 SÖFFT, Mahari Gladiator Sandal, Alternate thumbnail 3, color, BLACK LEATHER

──────────

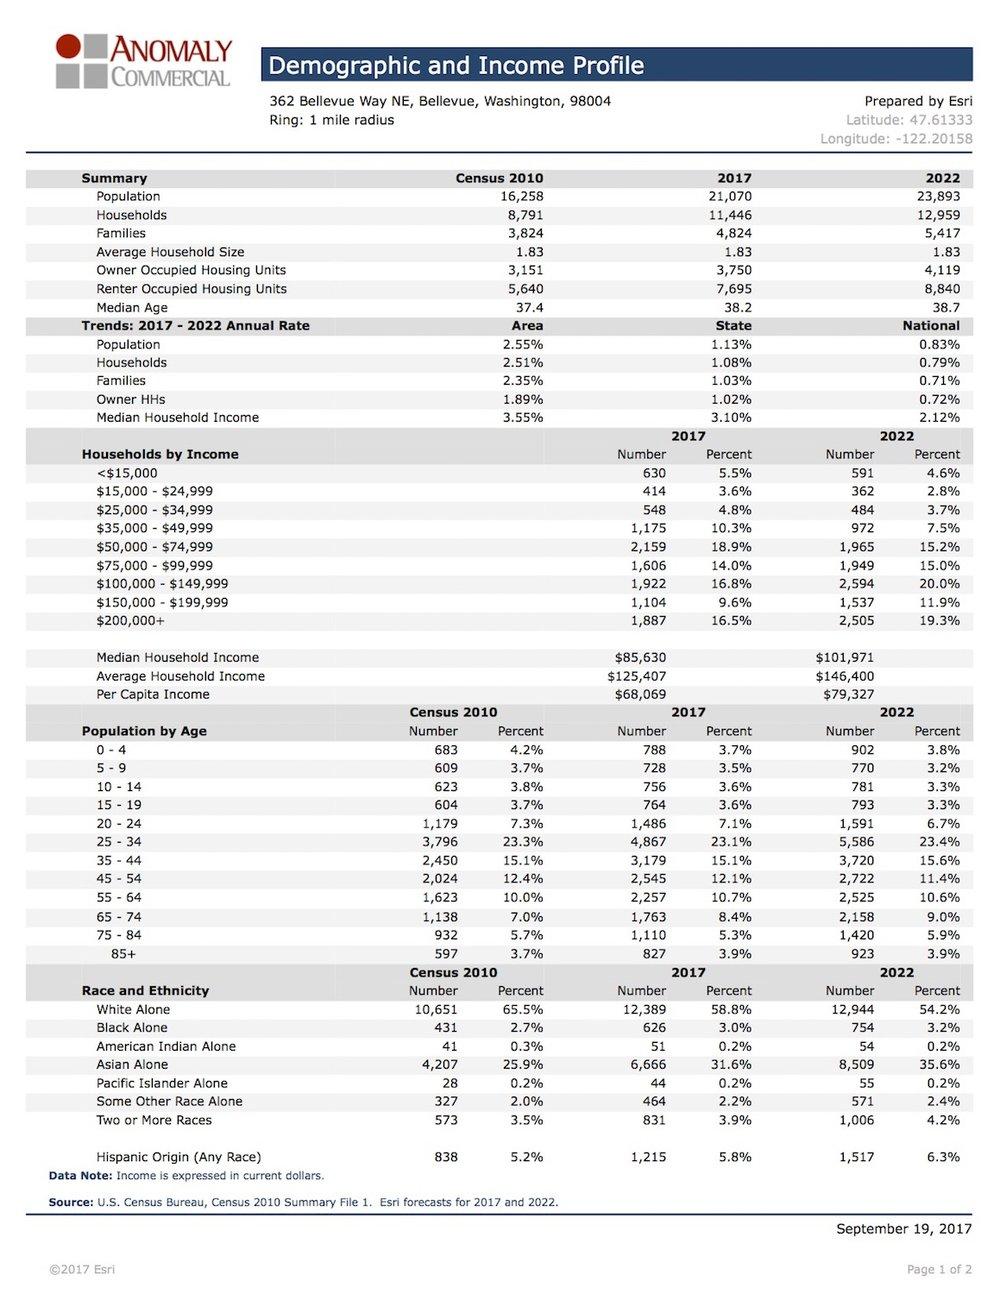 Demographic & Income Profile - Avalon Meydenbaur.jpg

──────────

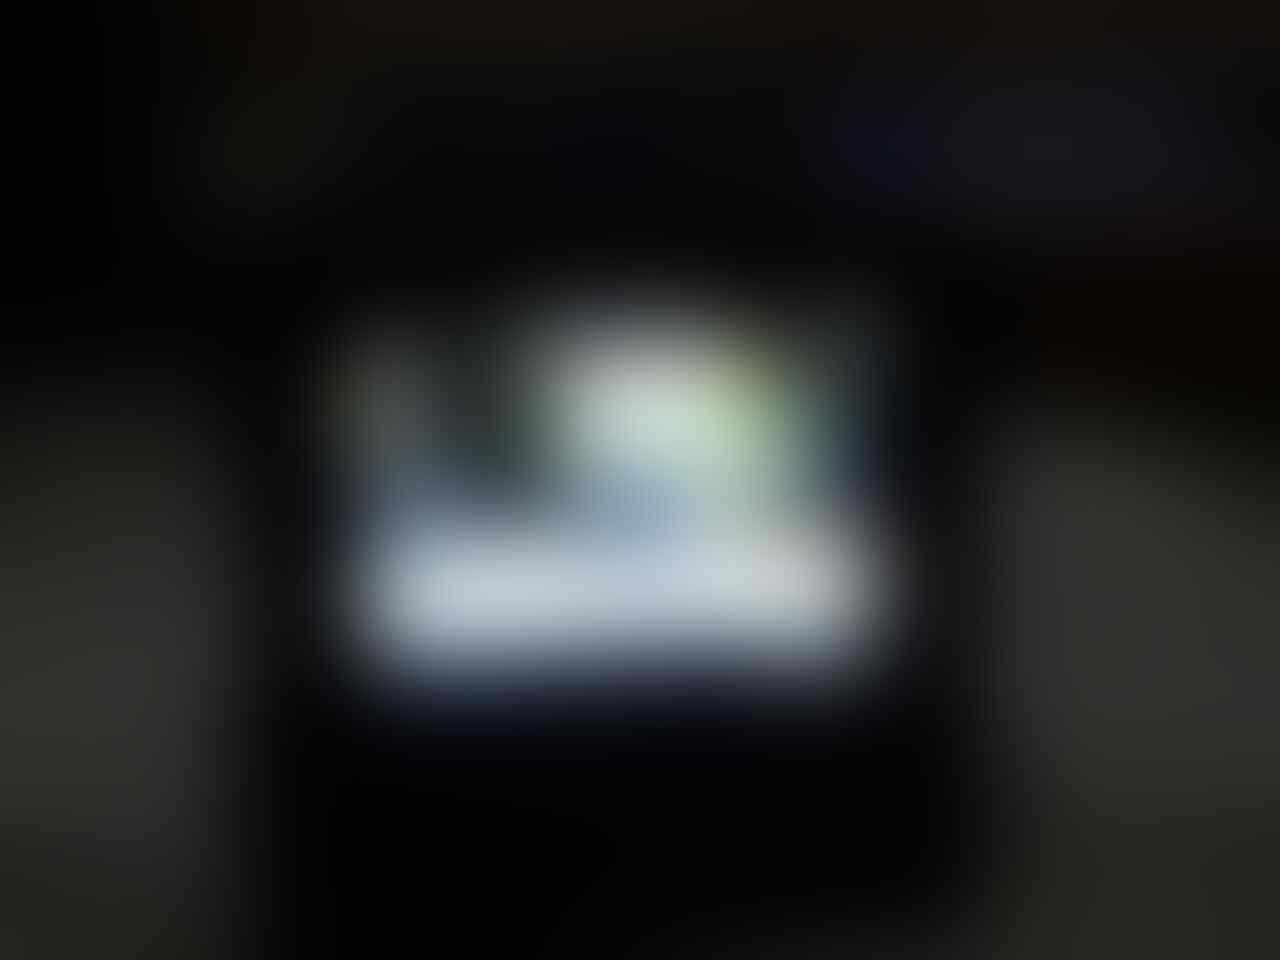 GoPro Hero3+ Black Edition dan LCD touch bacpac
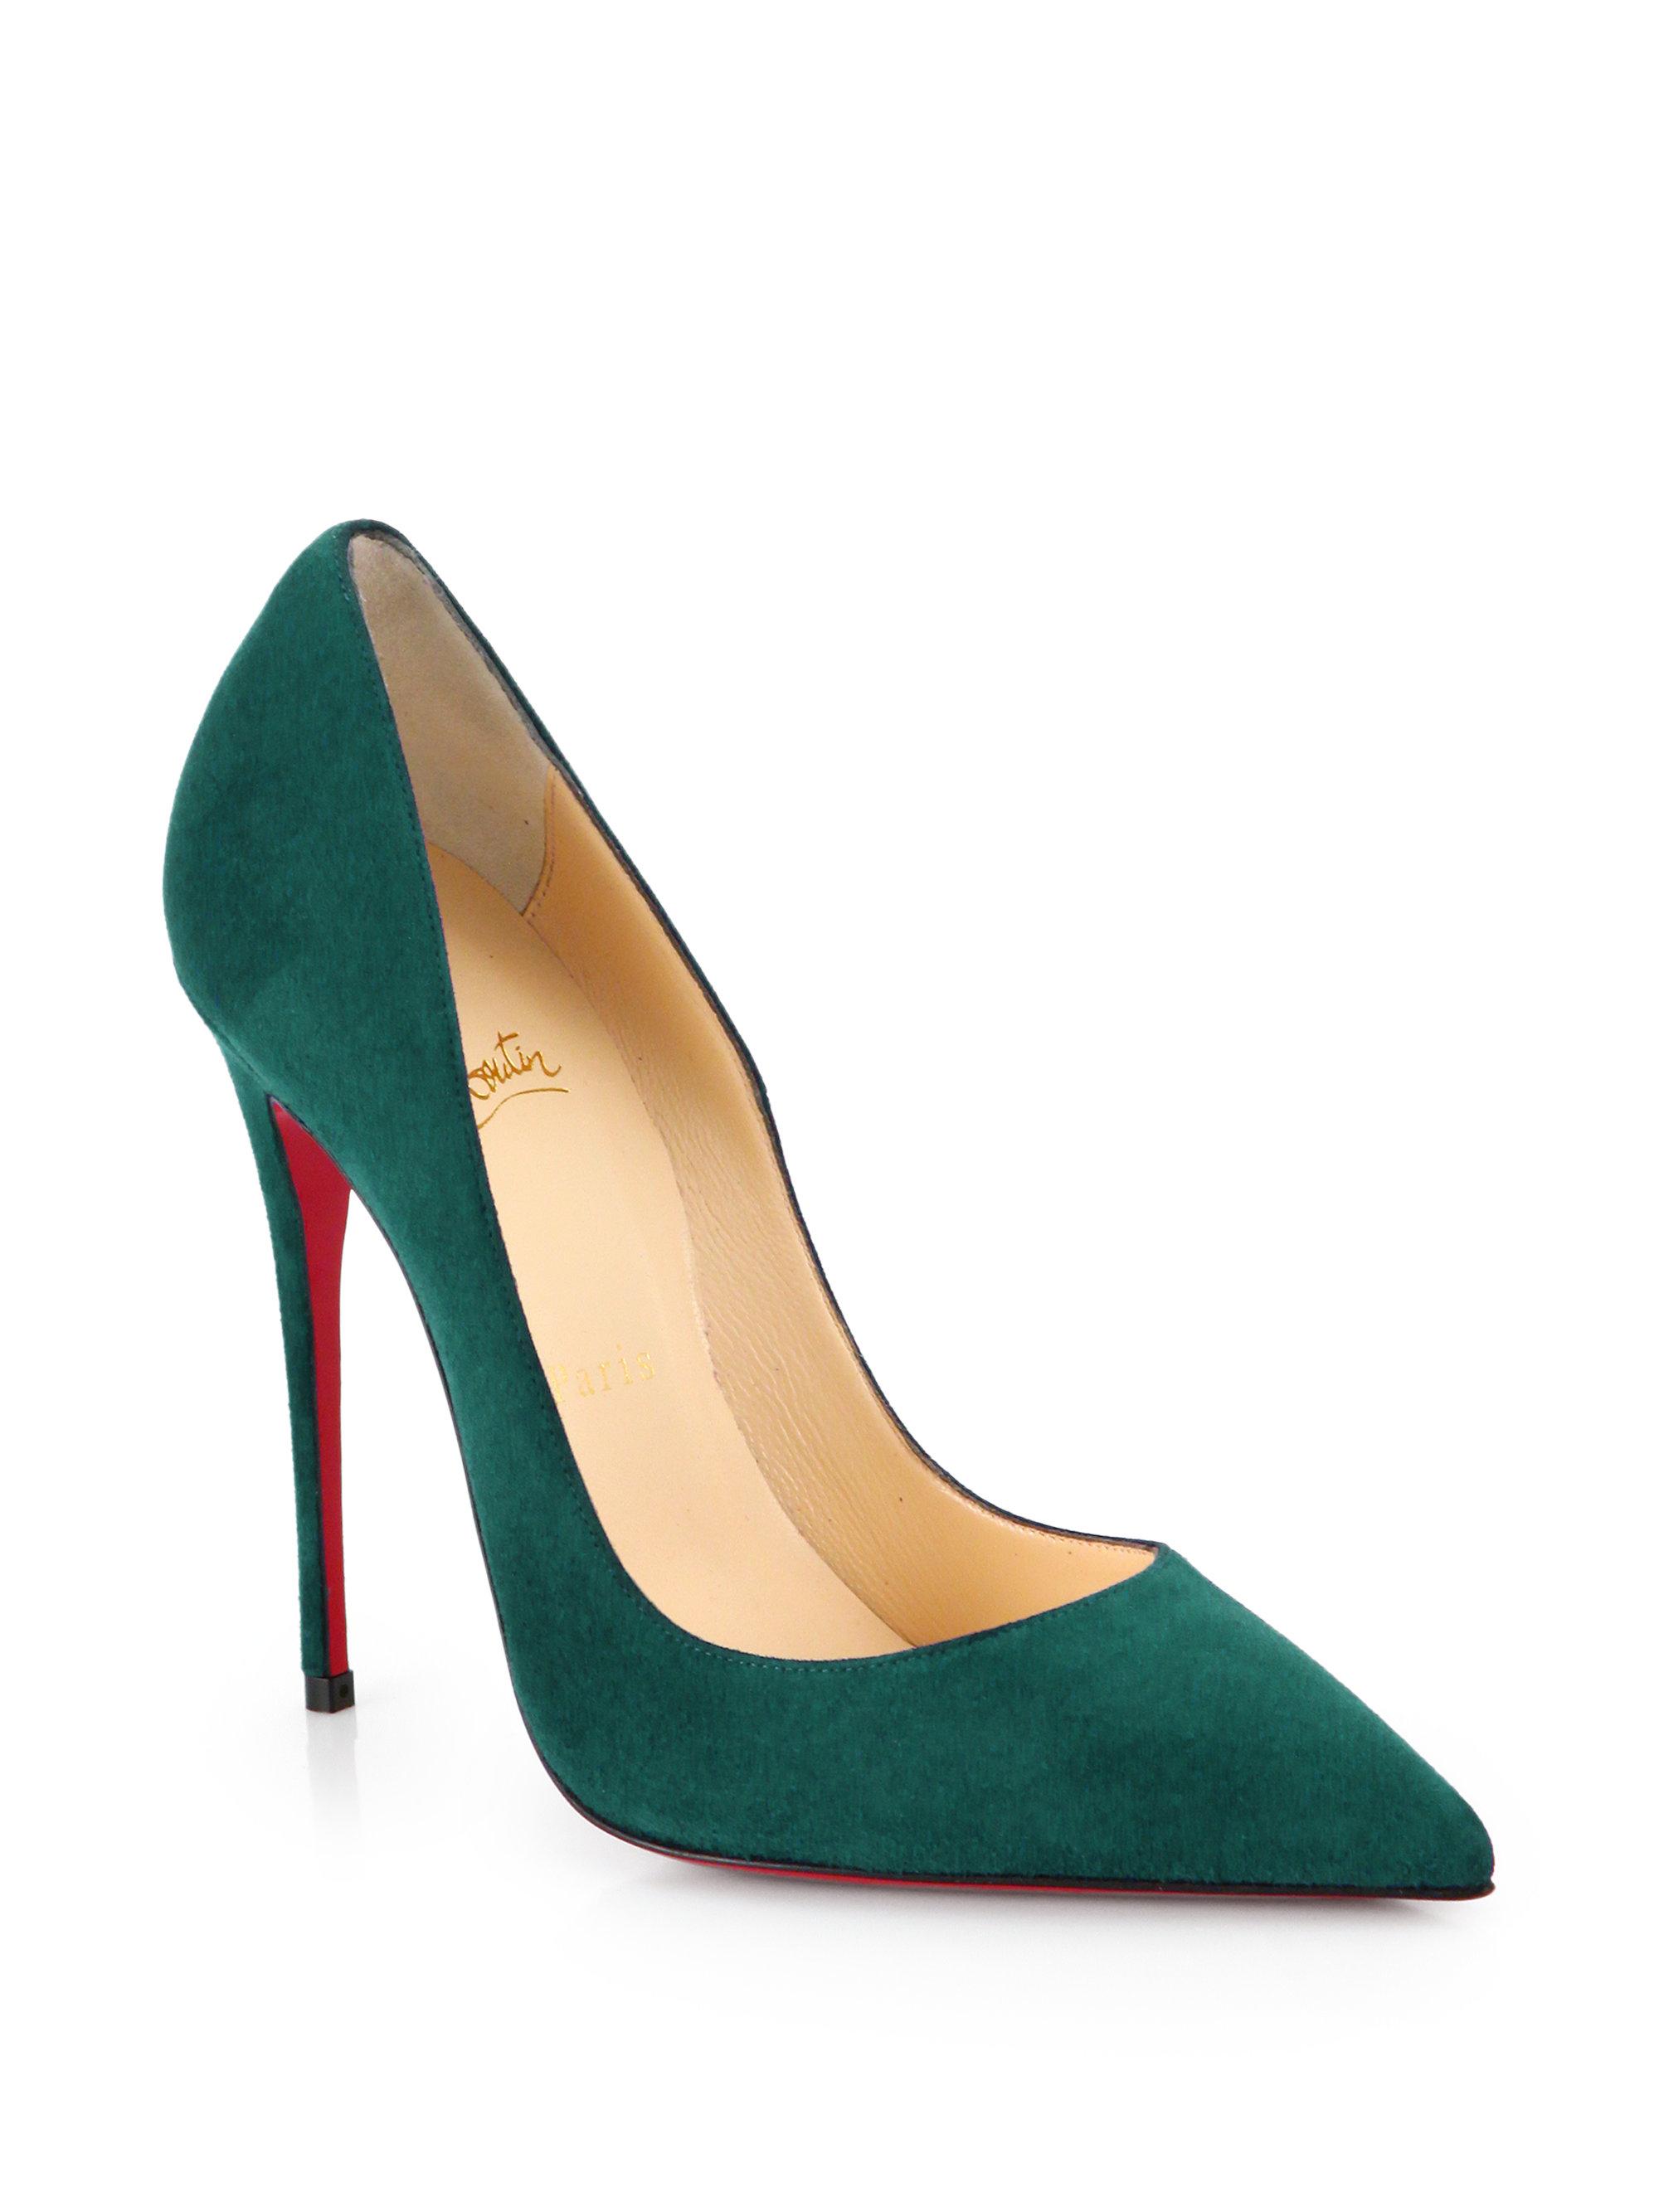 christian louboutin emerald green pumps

──────────

WORK TO BE COMPLETED: Could the stretch from the line with "GoPro Hero3+ Black" through the line with "christian louboutin emerald green pumps" in the listing above be restated word for word, minus the pictures?

COMPLETED TASK:
 GoPro Hero3+ Black Edition dan LCD touch bacpac
 christian louboutin emerald green pumps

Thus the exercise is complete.